Around 1,300 rhino were killed illegally in Africa last year.

The Australian Rhino Project and South Africa’s Elephants, Rhinos and People (ERP) plan to begin relocating the animals this year to establish an “insurance population”.

If the project is successful, more rhinos could be flown to other “safe havens” in Texas and Florida.
“Poachers will go where it is easy to poach.

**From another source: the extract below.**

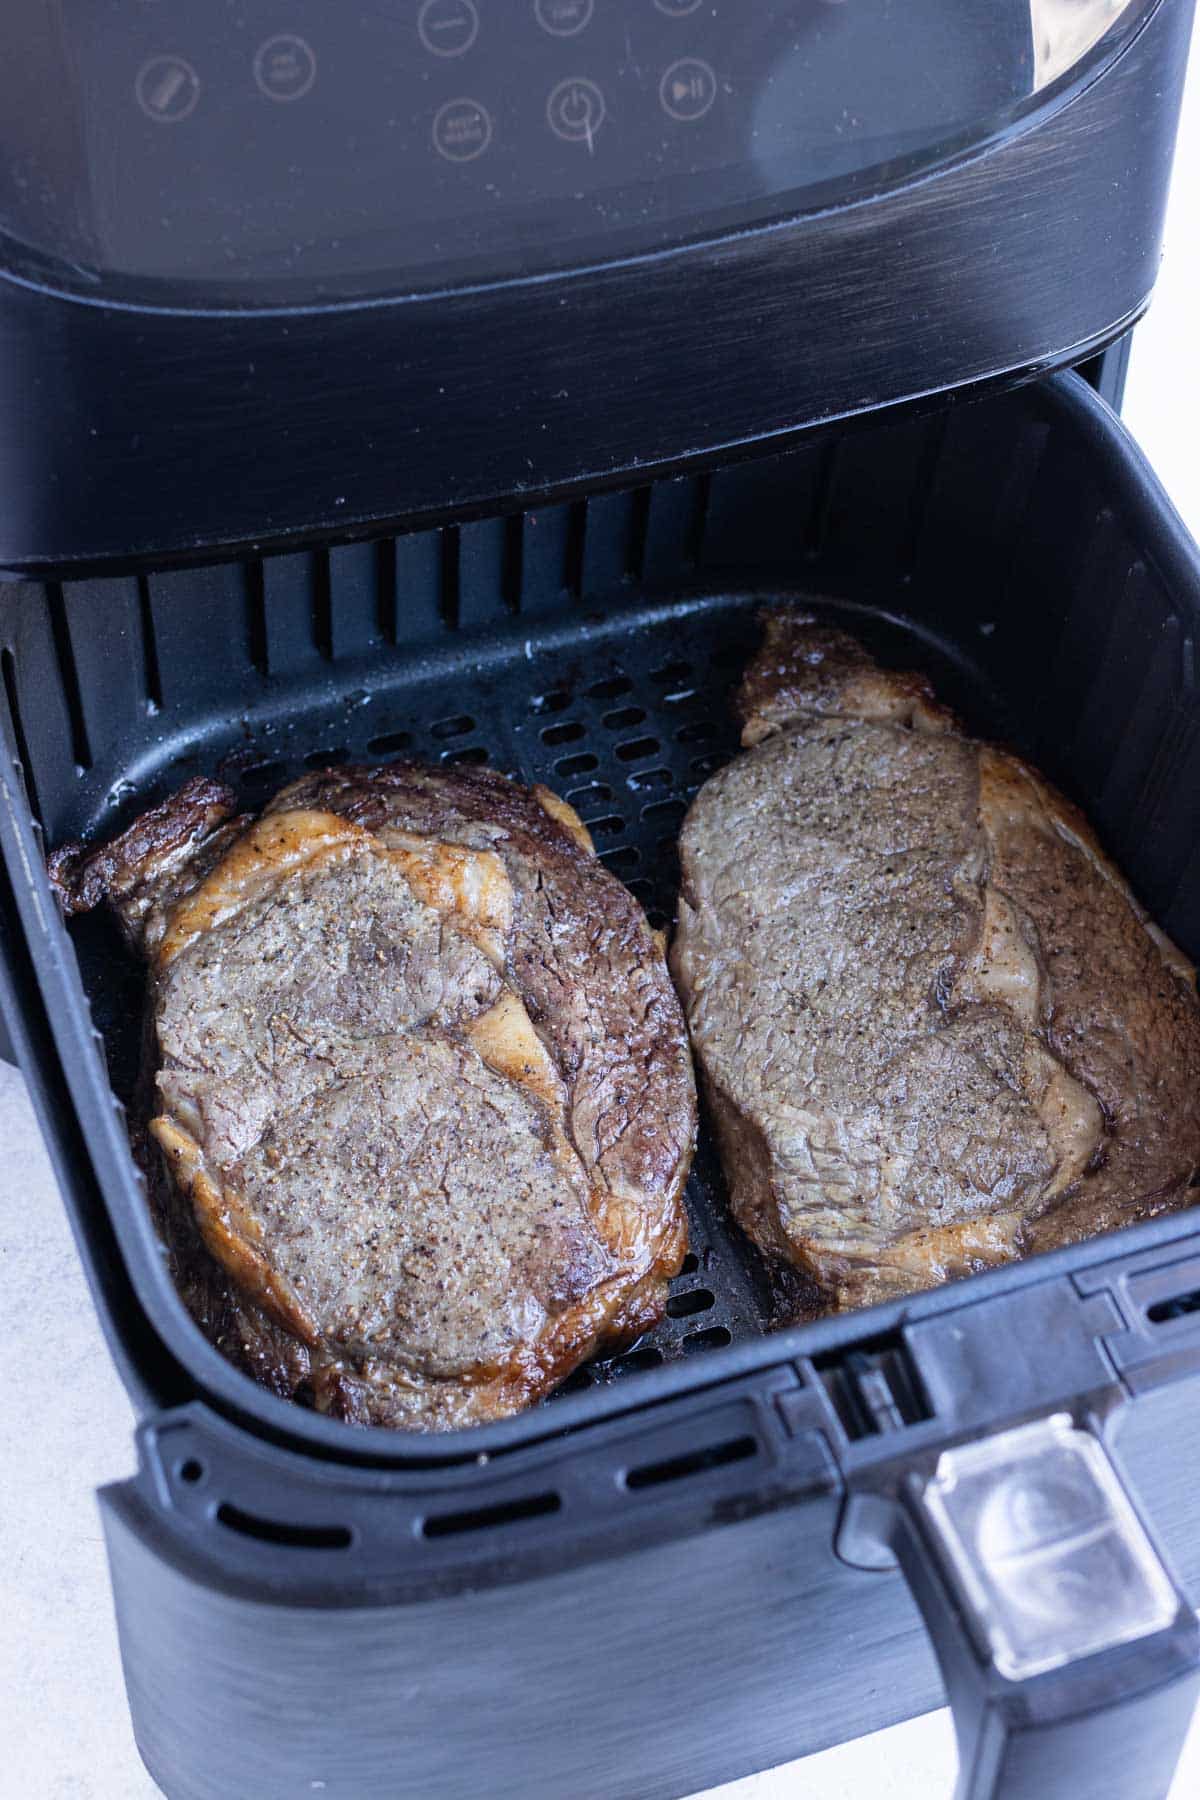 Perfectly cooked and flavorful steak from the air fryer.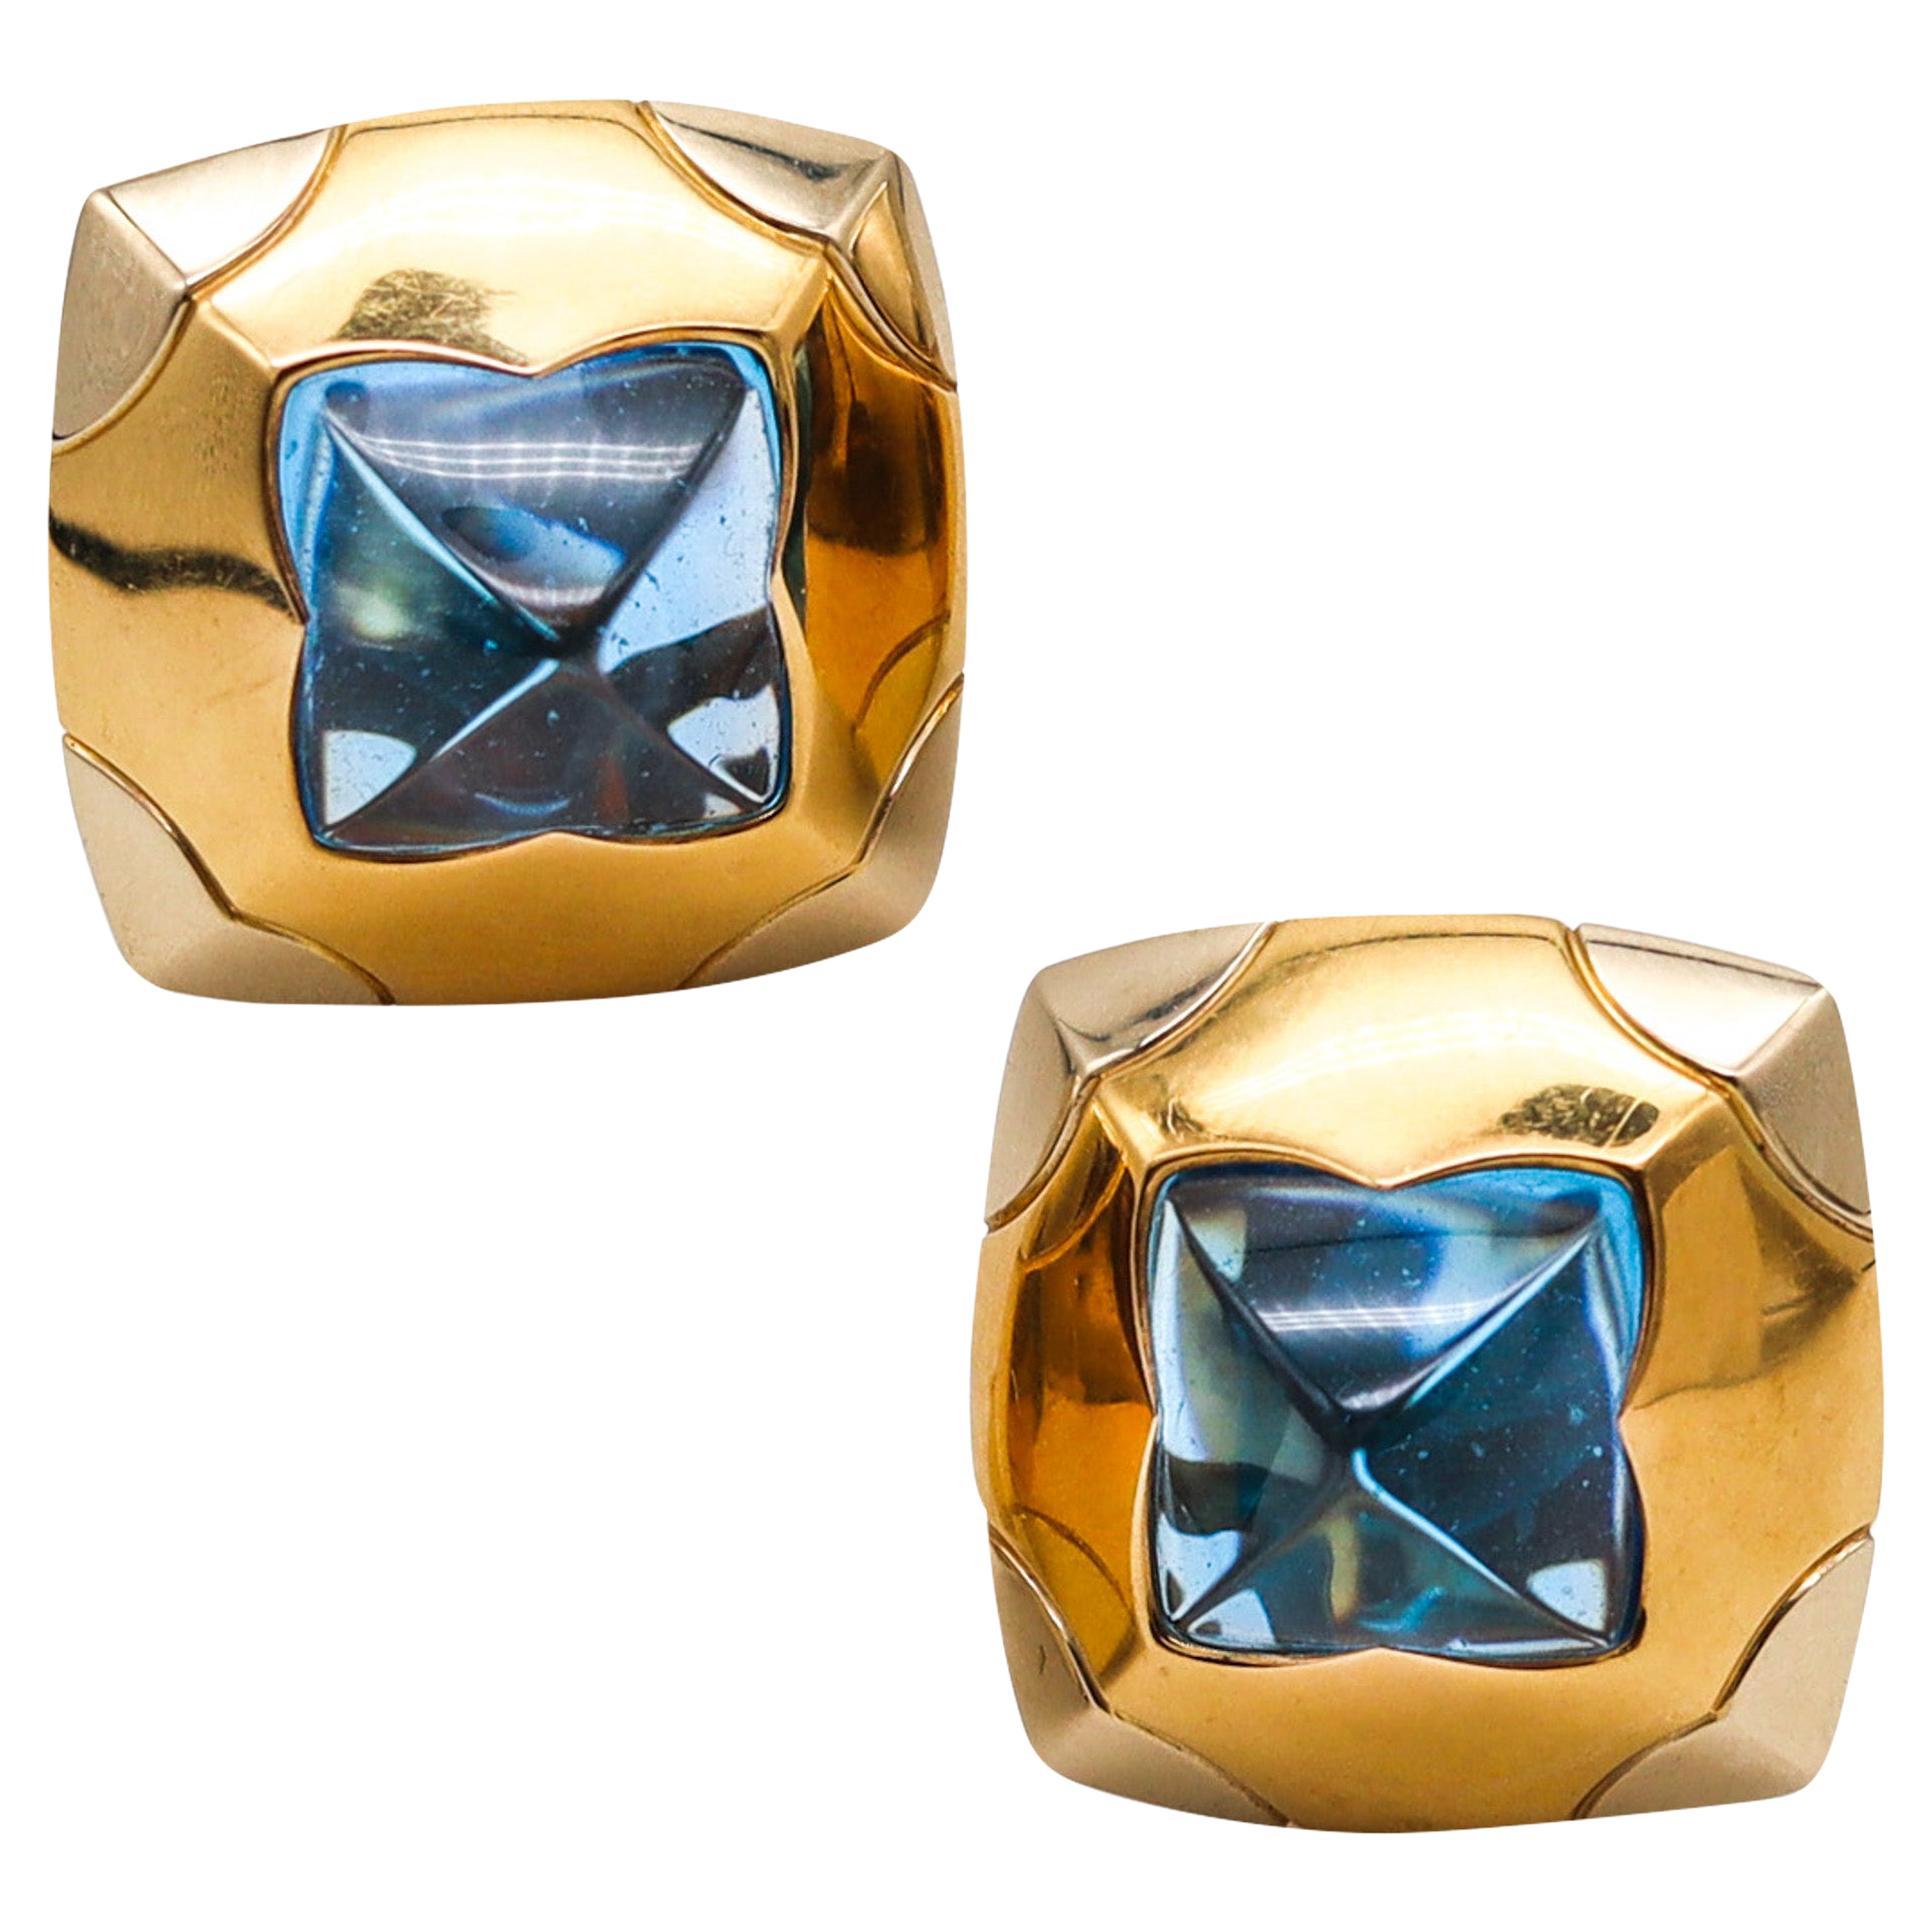 Bvlgari Roma Pyramid Clips Earrings in 18kt Gold with 36ctw Carved Blue Topaz For Sale

It is easier to poach rhinos in Africa than in Australia or America,” ERP Director Wouter van Hoven told Reuters.
“It’s not that we want to get the rhinos out of Africa but we need to put some rhinos into a safe deposit box.”

The rhinos will be repatriated to their natural African habitat once the population numbers have grown and levels of demand for animal horn falls, the groups said.

Conservationists and private game reserve owners have criticised the South African government for not doing enough to protect rhinos from powerful poaching and smuggling syndicates.

South Africa, home to around 80 percent of the world’s rhino, decided this week not to push for an end to a global ban on buying and selling rhino horn.

Animal reserve owners say a legal trade could help save the rhinos by using the proceeds for conservation.
“Now that the green light has been given to the criminals to continue poaching … the rhinos are going to be much worse off,” Chairman of the Private Rhino Owner’s Association Pelham Jones said.

Rhinoceros’ horns grow back if cut from a living animal, but the process has been criticised by animal rights groups and opponents of legalising the trade say it would legitimise and encourage the use of material from endangered animals.